Top of Source records
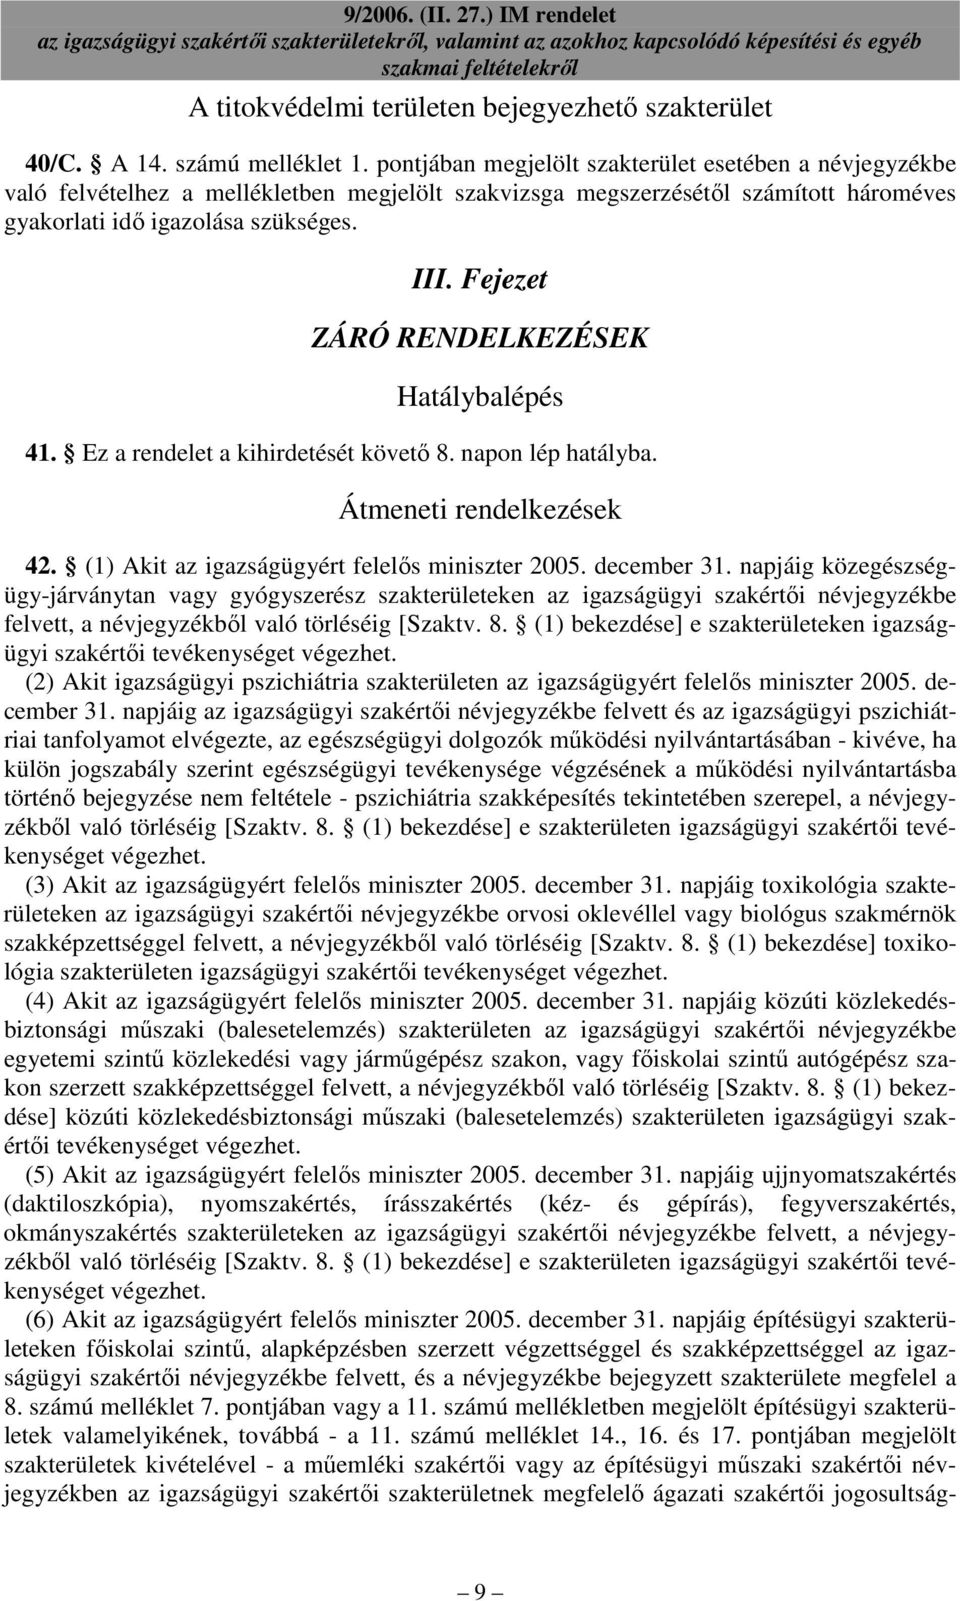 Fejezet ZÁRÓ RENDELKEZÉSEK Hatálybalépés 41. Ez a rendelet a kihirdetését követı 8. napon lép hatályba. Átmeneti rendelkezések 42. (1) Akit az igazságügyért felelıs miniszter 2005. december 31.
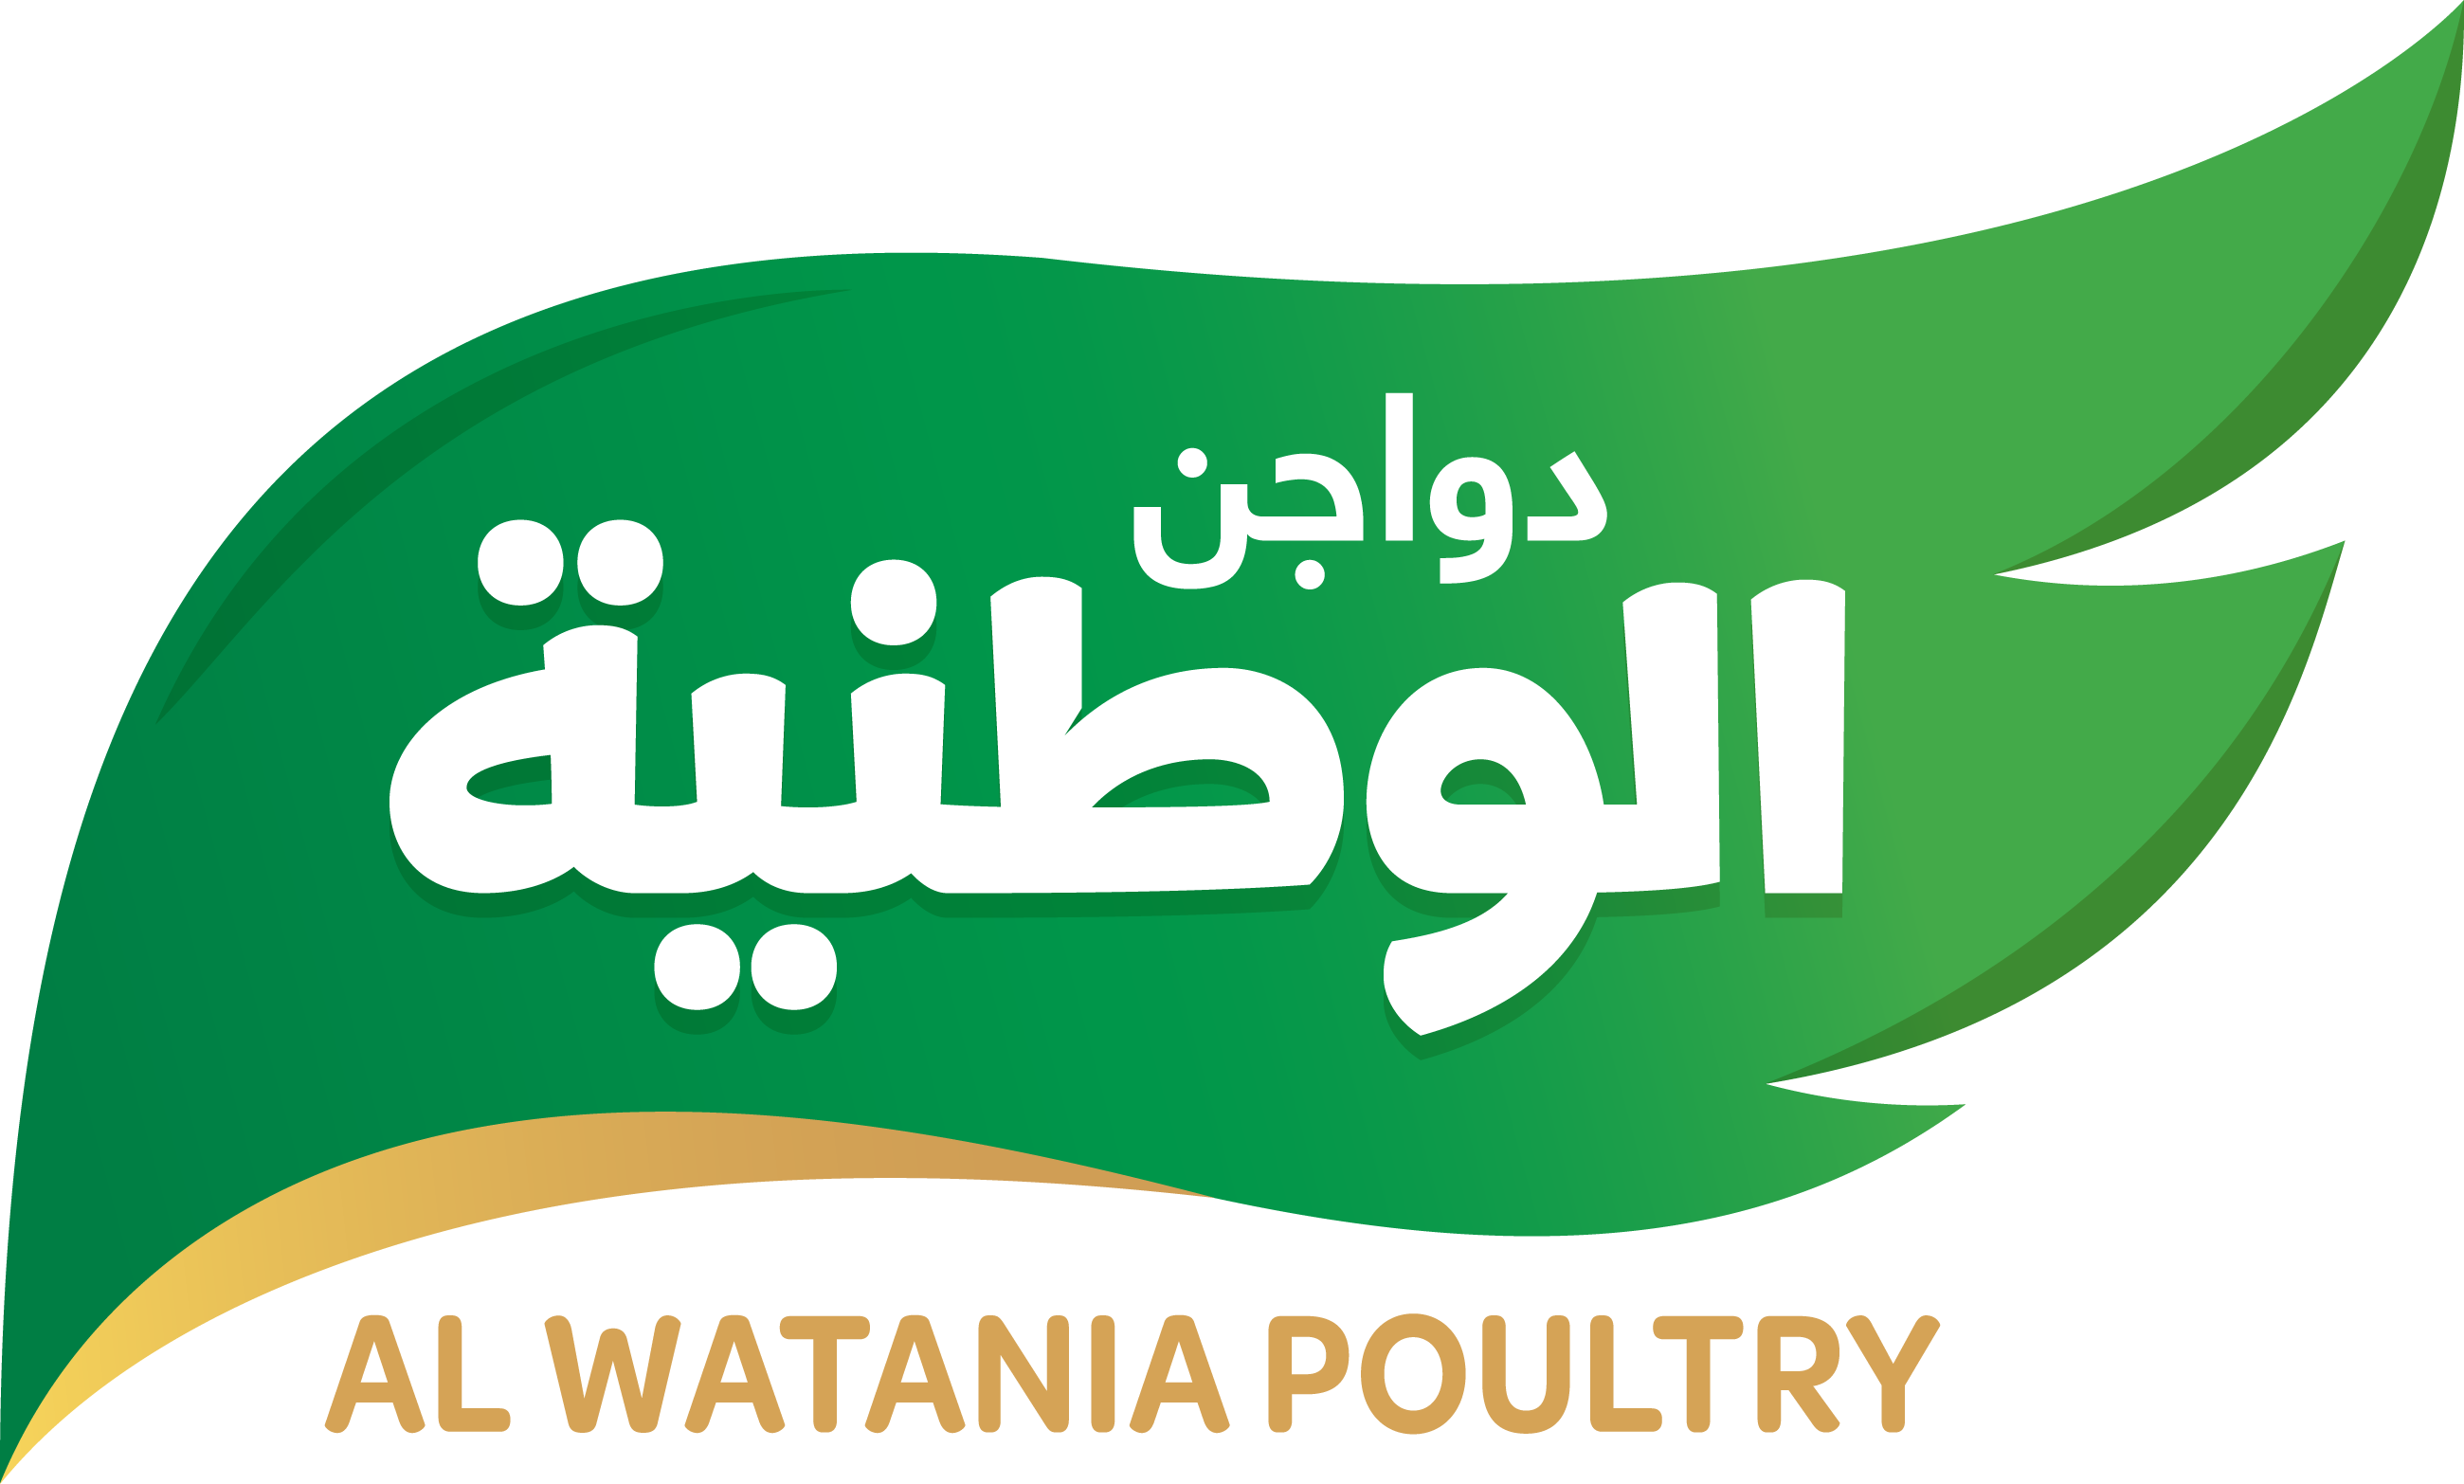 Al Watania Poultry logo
Bottom of Source records
Top of Source records
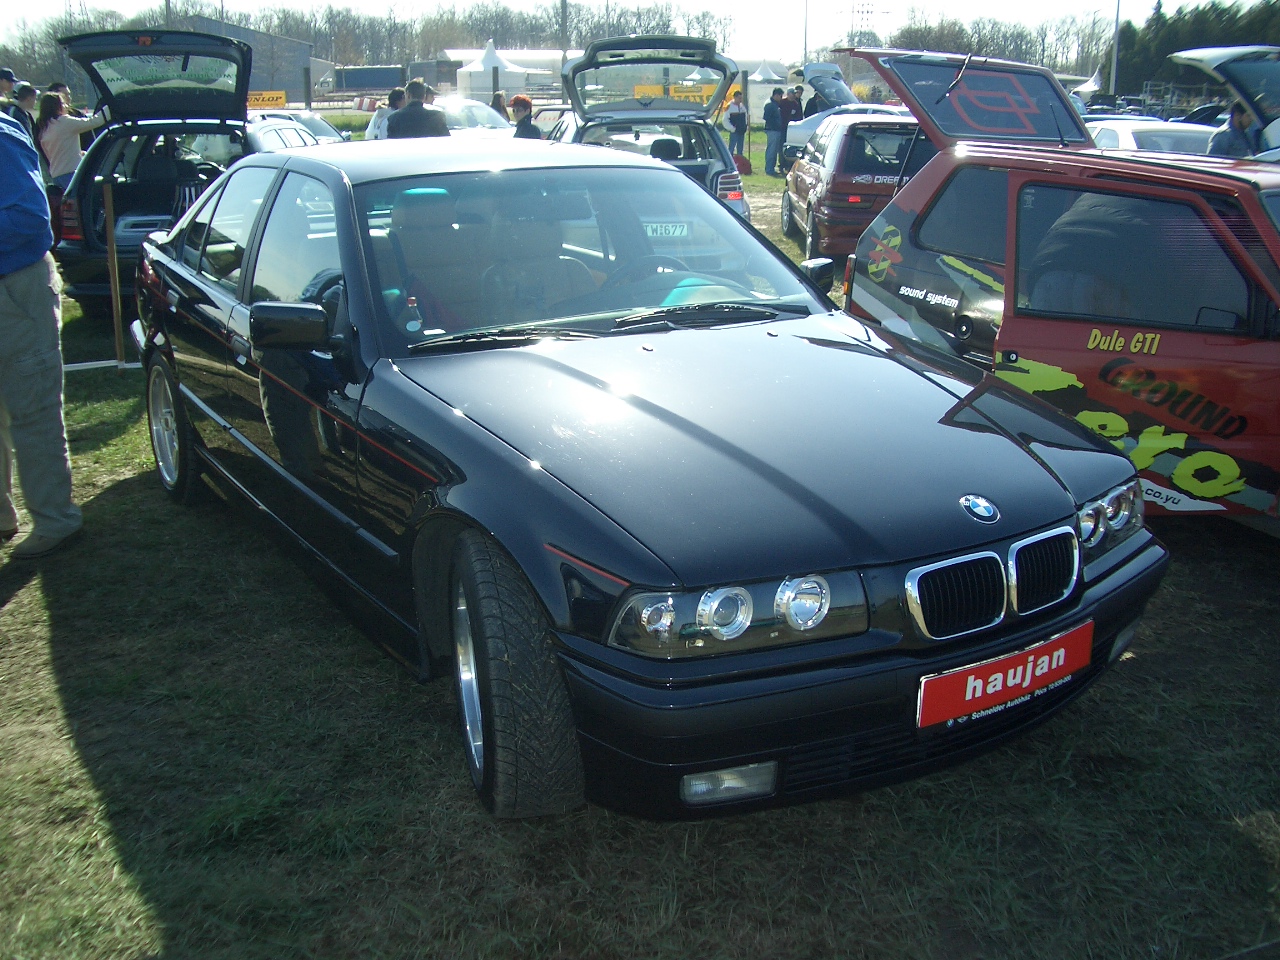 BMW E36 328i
Bottom of Source records
→ What needs to be done
In the records above, find the line with "Fejezet ZÁRÓ RENDELKEZÉSEK" and the line with "Al Watania Poultry logo"; please transcribe exactly those two lines and all lines between them, omitting any picture.

→ Exercise response
 Fejezet ZÁRÓ RENDELKEZÉSEK Hatálybalépés 41. Ez a rendelet a kihirdetését követı 8. napon lép hatályba. Átmeneti rendelkezések 42. (1) Akit az igazságügyért felelıs miniszter 2005. december 31.
 Al Watania Poultry logo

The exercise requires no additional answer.